The article goes on to describe further examples of how Cain  “sees divine messages everywhere.”

Raise your hand if having someone as delusional and unqualified as Herman Cain as president makes you nervous.

Keep it raised if you are also worried about the other Republican candidates this year.

Quote of the Day

Hey, Congratulations to Donald Trump, who just welcomed his fourth grandchild! You could tell it was Trump?s grandchild because as soon as it came out, it demanded to see its own birth certificate — Jimmy Fallon

Hoax of the Day: Birther Book By Swift Boat Liar Jerome Corsi Pulled From Shelves

Here’s a step in the right direction. Jerome Corsi’s Birther book has been pulled from the shelves:

In a stunning development one day after the release of Where’s the Birth Certificate? The Case that Barack Obama is not Eligible to be President, by Dr. Jerome Corsi, World Net Daily Editor and Chief Executive Officer Joseph Farah has announced plans to recall and pulp the entire 200,000 first printing run of the book, as well as announcing an offer to refund the purchase price to anyone who has already bought either a hard copy or electronic download of the book.

In an exclusive interview, a reflective Farah, who wrote the book’s foreword and also published Corsi’s earlier best-selling work, Unfit for Command: Swift Boat Veterans Speak out Against John Kerry and Capricorn One: NASA, JFK, and the Great “Moon Landing” Cover-Up, said that after much serious reflection, he could not go forward with the project. “I believe with all my heart that Barack Obama is destroying this country, and I will continue to stand against his administration at every turn, but in light of recent events, this book has become problematic, and contains what I now believe to be factual inaccuracies,” he said this morning. “I cannot in good conscience publish it and expect anyone to believe it.”

If they had only taken the same action when it turned out that the claims of the Swift Boat Liars, including Jerome Corsi, was also based upon factual inaccuracies.
Even more unfortunate, this turned out to be a hoax:
for those who didn’t figure it out yet, and the many on Twitter for whom it took a while: We committed satire this morning to point out the problems with selling and marketing a book that has had its core premise and reason to exist gutted by the news cycle, several weeks in advance of publication.
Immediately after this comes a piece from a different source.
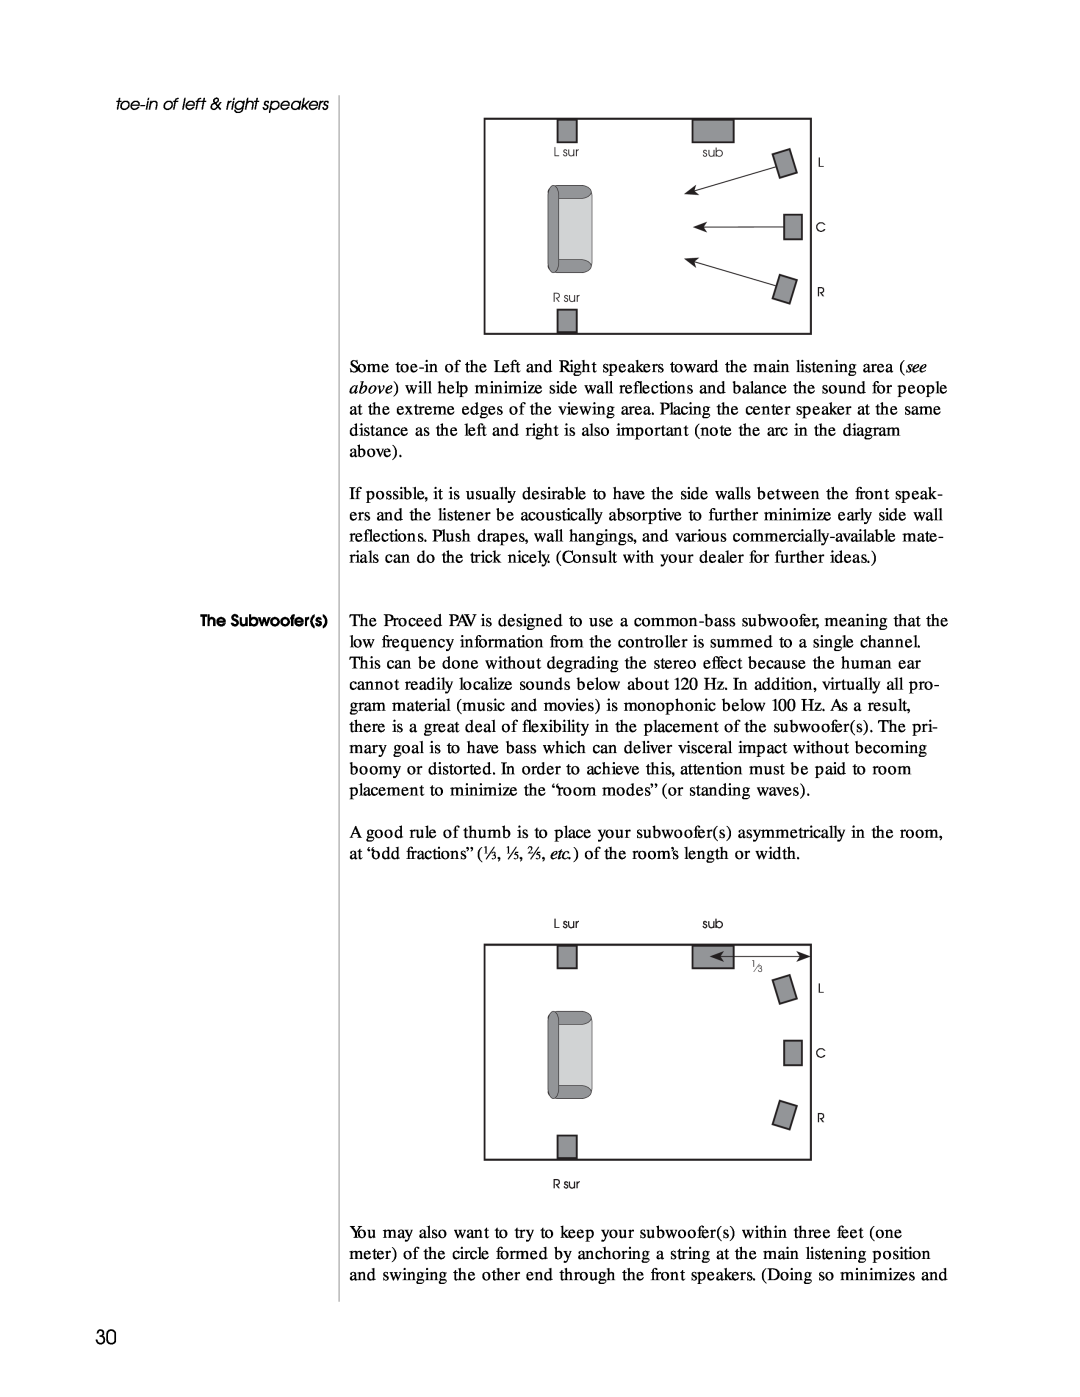 Madrigal Imaging Audio/Video Preamplifier manual L sur, L C R R sur

Are its author and publisher chastened? Well, no. They double down, and accuse the President of the United States of perpetrating a fraud on the world by having released a forged birth certificate. Not because this claim is in any way based on reality, but to hold their terribly gullible audience captive to their lies, and to sell books. This is despicable, and deserves only ridicule. That’s why we committed satire in the matter of the Corsi book. Hell, even the president has a sense of humor about it all. Some more serious reporting from us on this whole “birther” phenomenon here, here, and here.
Update: Jerome Corsi, who is making a living by lying and smearing people, is now upset that Esquire posted a false story about him and is threatening to sue Esquire. The difference is that Esquire admitted their story was a parody while Corsi continues to spread his lies.

Another Message From Barack Obama

Since at least the Clinton years, liberals and conservatives have had fundamentally different views on how to handle the threat of terrorism. The record shows who has been right. Under whose watch did we suffer the worst terrorist attack in history? Under whose watch did we take out Osama bin Laden? Nuff said.